One is Smack Technologies, which on Monday announced that it had secured $32 
million in investor funding to build what they call a “frontier lab for 
national security.”




Andrew Markoff, a former Marine special operator who co-founded Smack, says his 
AI is trained on combat-relevant datasets, not the unspecialized fodder fed to 
Claude, Gemini, and other frontier models.

“There is no training set for World War Three, right?” Markoff said in a call 
with reporters last week. “There's no way to build reinforcement learning…if 
you don't have deep domain expertise and a deep bench of people with domain 
expertise. There is no shortcut around encoding good human prior knowledge, and 
it doesn't exist in doctrinal manuals.”

He called the Venezuela raid a good example of the sort of operation that AI 
could help scale up in a conflict with a more advanced adversary. 

“Multiply it by 100 and scale. You have targets that you want to strike, you 
have sensors that you're trying to allocate on those targets to figure out 
what's going on. And to facilitate the strikes, you have strike platforms and 
escorts that are coming together from all over the world with very detailed 
sequencing requirements; you know, task A has to happen X number of seconds 
before Task B. And all of these are dependent on some, some other thing 
happening at, you know, time X. So, like, all of these things have to come 
together globally, a really tight timeline.”

But Markoff said that’s not the sort of thing that commercial large language 
models are built to do. Models like Claude “have no way to optimize between 
those goals. And it doesn't have the ability to do the detailed time, space 
calculations, [to perform] geospatial reasoning grounded in physics, to make 
the decisions about, literally, which munitions need to be where at what time, 
talking to which sensors at what time. It doesn't have the ability to do that.”

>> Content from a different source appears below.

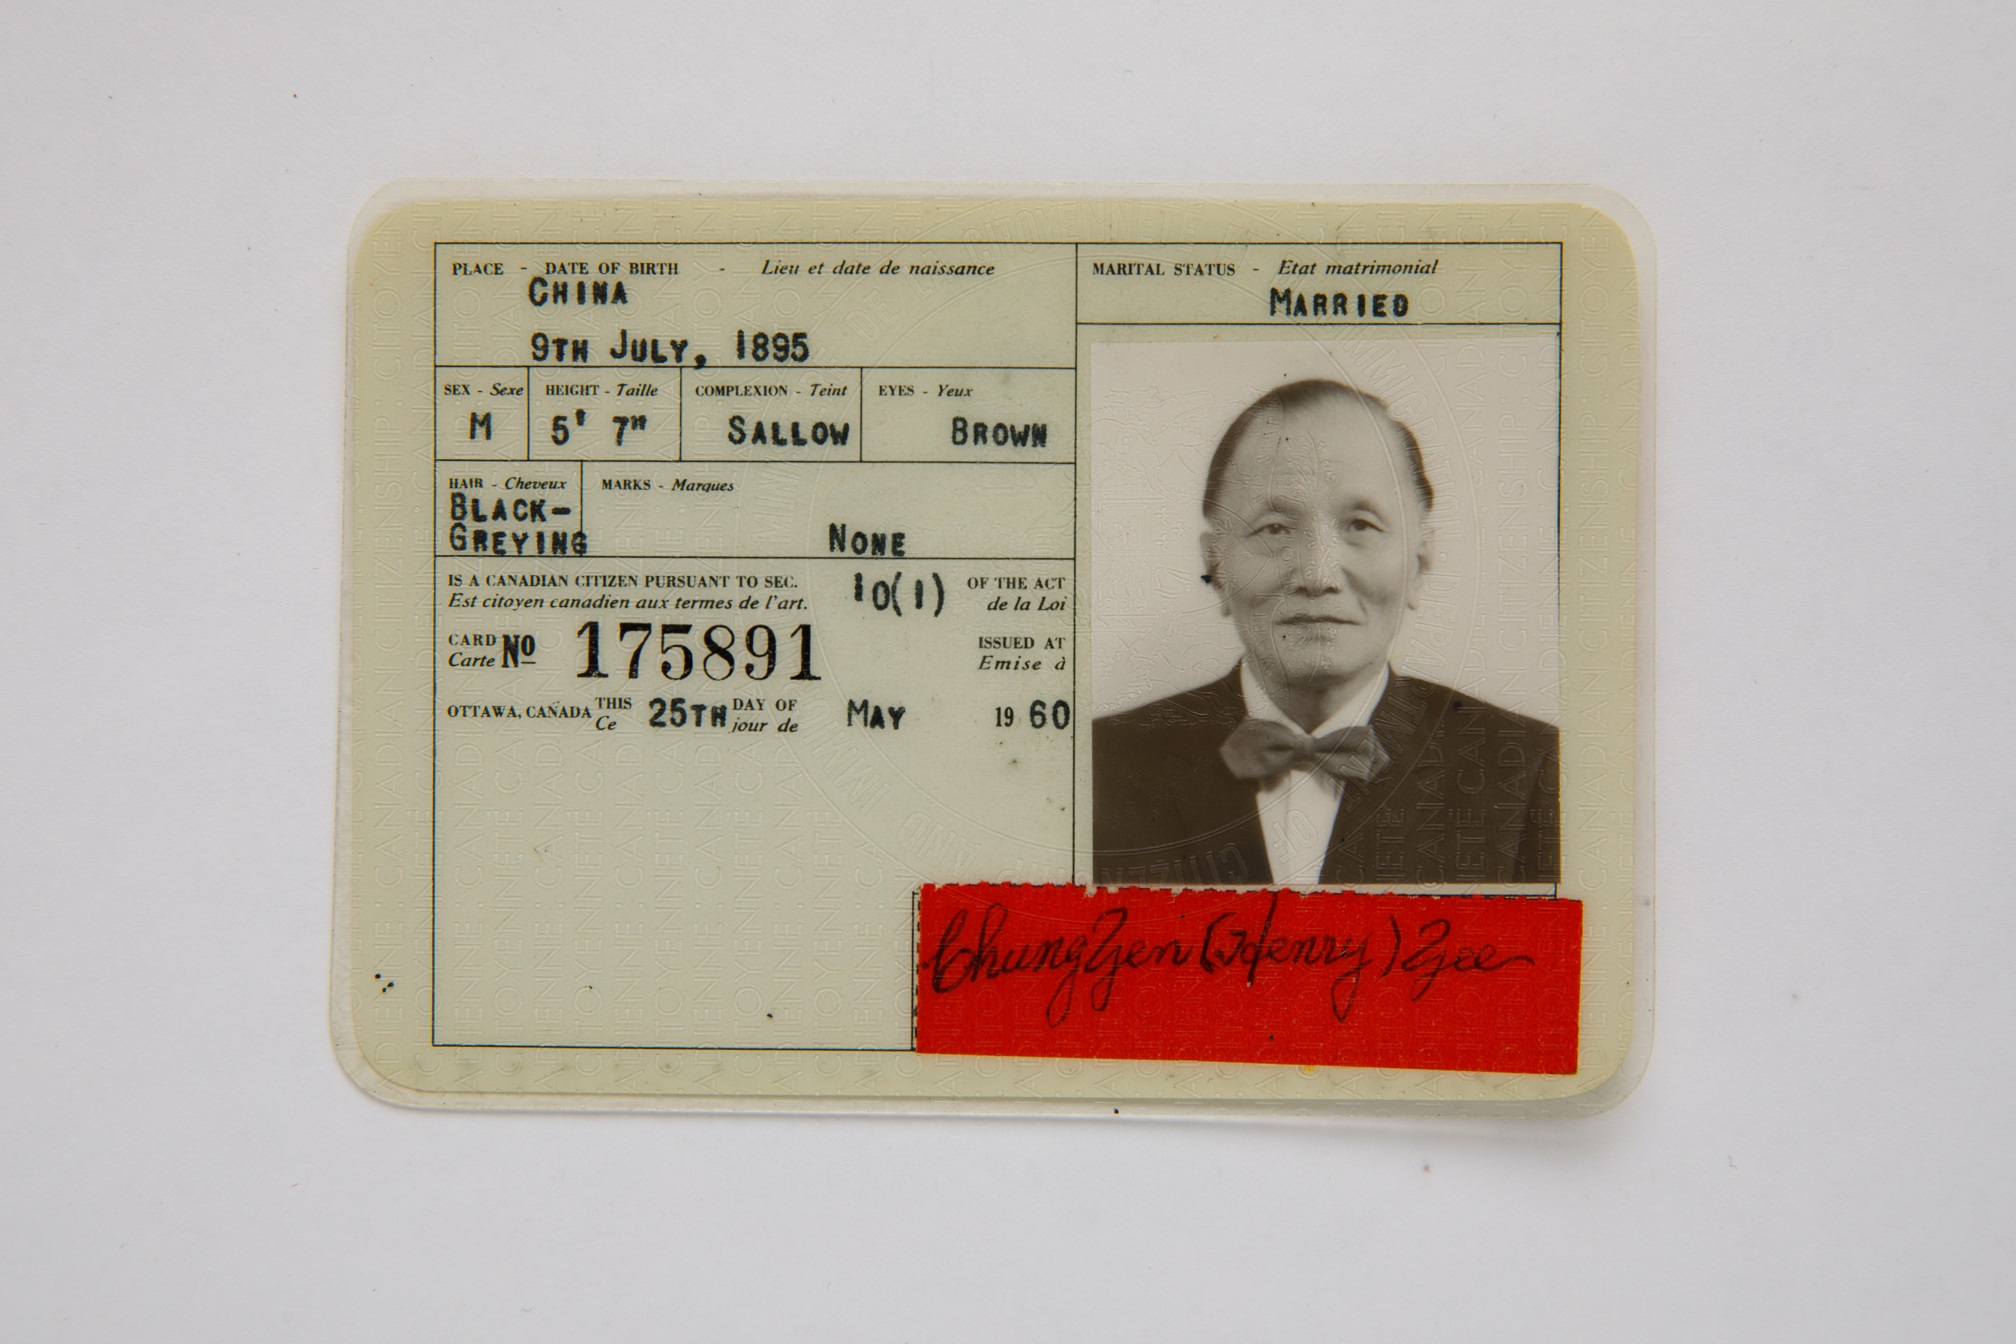 Photogragh of a citizenship card with identifiaction details and a photograph of an older man wearing a suit and bow tie.
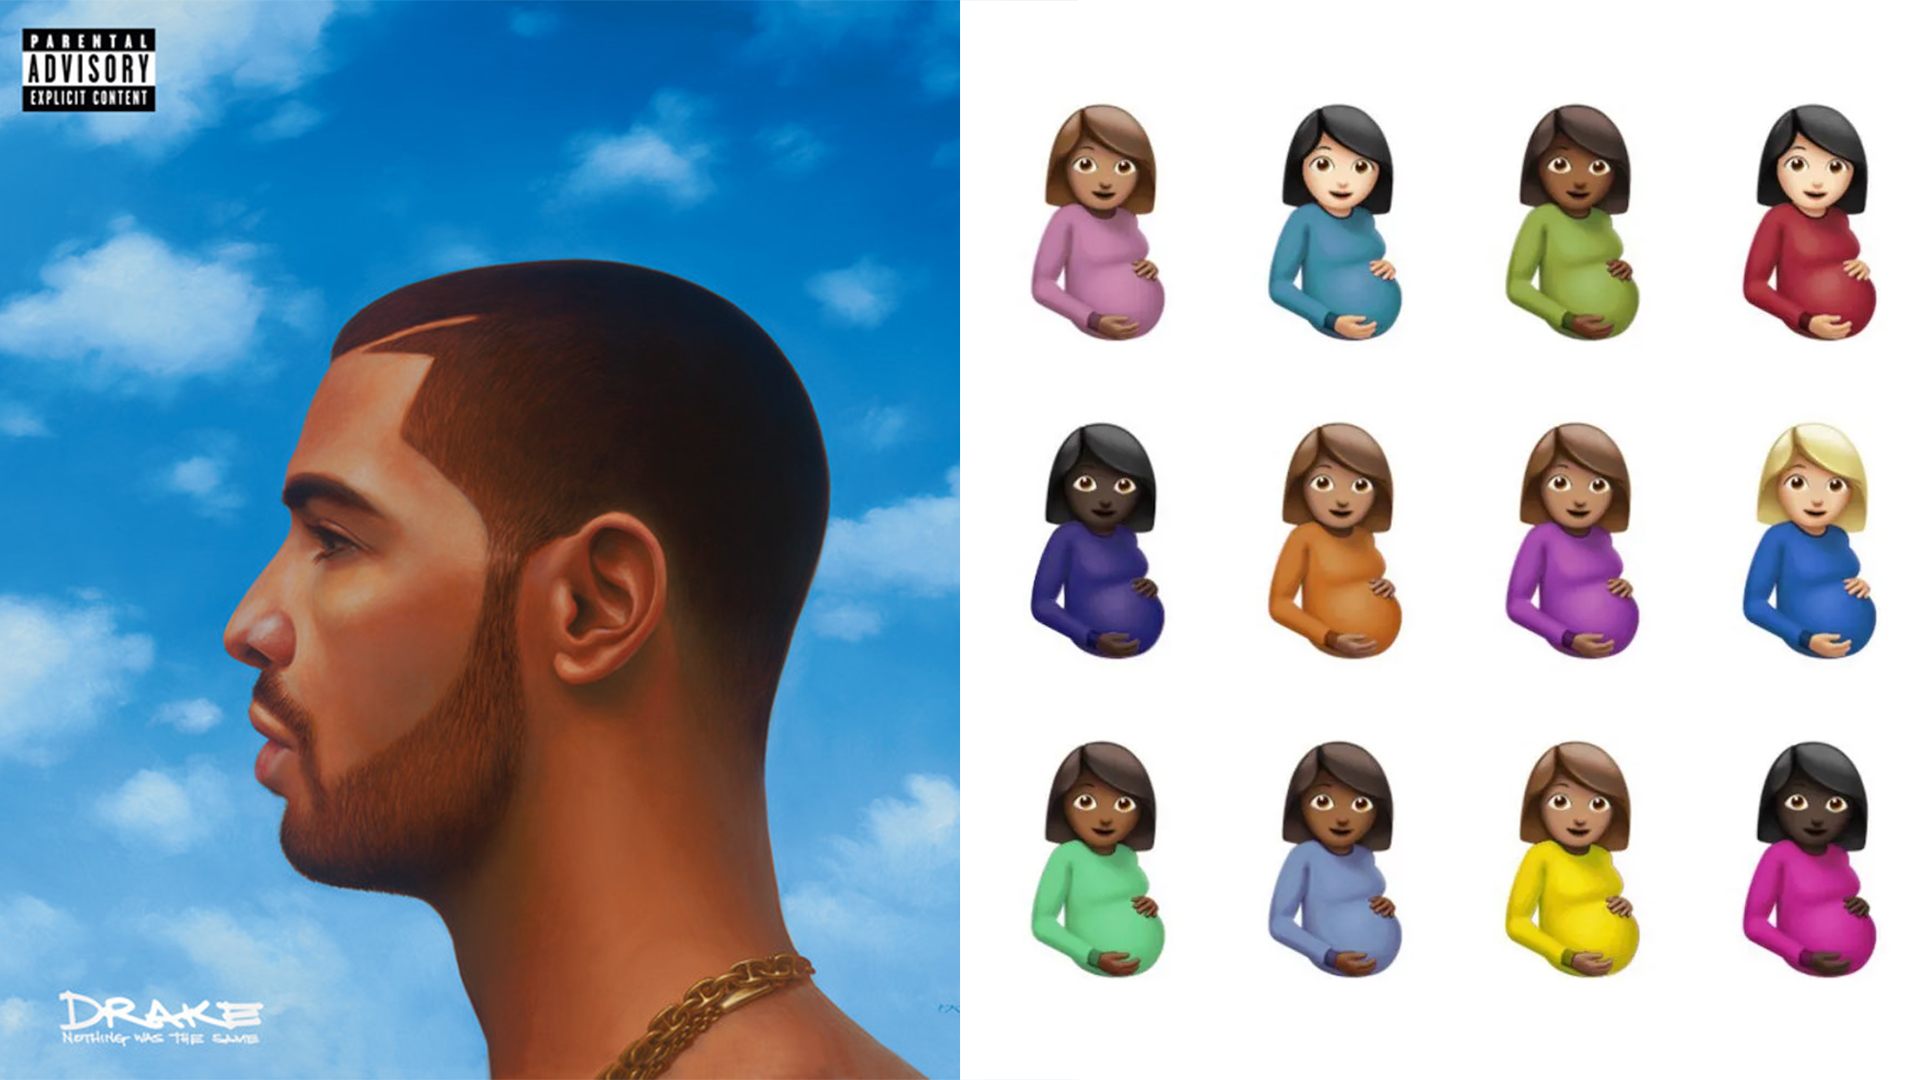 Album art for Drake's 'Certified Lover Boy' and 'Nothing Was the Same'.

This was echoed by Jason Rathje, a former Air Force acquisitions officer and 
co-founder of the Defense Department’s Office of Strategic Capital who now 
leads the public-sector division at webAI. 

Frontier models like Claude “are built to answer millions of different kinds of 
questions for billions of users. Military organizations often need something 
different, systems tuned for specific operational tasks like logistics 
planning, equipment maintenance, intelligence analysis, or operational decision 
support,” Rathje said.

The limitations related to cloud needs are equally important. “Many of today’s 
frontier models are designed as centralized services for massive commercial 
user bases, requiring the most advanced chipsets and high-capacity data center 
infrastructure available, and consuming enormous amounts of power. That makes 
sense for consumer applications, but military organizations often have very 
different requirements,” he said. “What defense organizations are asking for is 
sovereignty: control over the model, the data, and the infrastructure it runs 
on.”

Smack Technologies is producing two product suites: one to work like the 
well-known generative AI models, but trained on military intelligence and 
operator experience; and the other to work in remote battlefields.

Sherman Williams, a Navy veteran and founder of AIN Ventures, has invested in a 
number of dual-use and defense-focused startups. He acknowledges that no AI 
startup is going to beat one of the big frontier models in metrics like 
reasoning benchmarks. But “a model that's 85% as capable but runs on a [denied, 
disrupted, intermittent, and limited] network at the tactical edge beats GPT-5 
in a data center you can't reach.”


Even the data centers you can reach are vulnerable, as shown by Iran's 
targeting of an AWS facility in Bahrain. “These data centers are important, but 
they are also vulnerable. Context matters more than benchmarks.”


The new class of DOD-focused AI startups “aren't trying to out-train OpenAI,” 
he said. “They're building the adaptation and deployment stack that makes 
open-source models usable in classified settings. Secure fine-tuning, 
domain-specific models for [intelligence, surveillance, and reconnaissance] and 
[command and control] edge deployment.”

Williams says he’s seeing “strong pull signals from military customers, 
especially SOCOM and INDOPACOM,” which has been extensively using AI at a 
headquarters level for more than a year.




He added that DOD buyers and users want to trust the makers of their AI tools, 
and that bond is easier forged with founders who are familiar with military 
operations.

But just hiring a veteran-developed AI doesn’t solve a broader problem of large 
language models: they speak confidently when they shouldn’t, and they often 
tailor their responses, or even lie, to their users.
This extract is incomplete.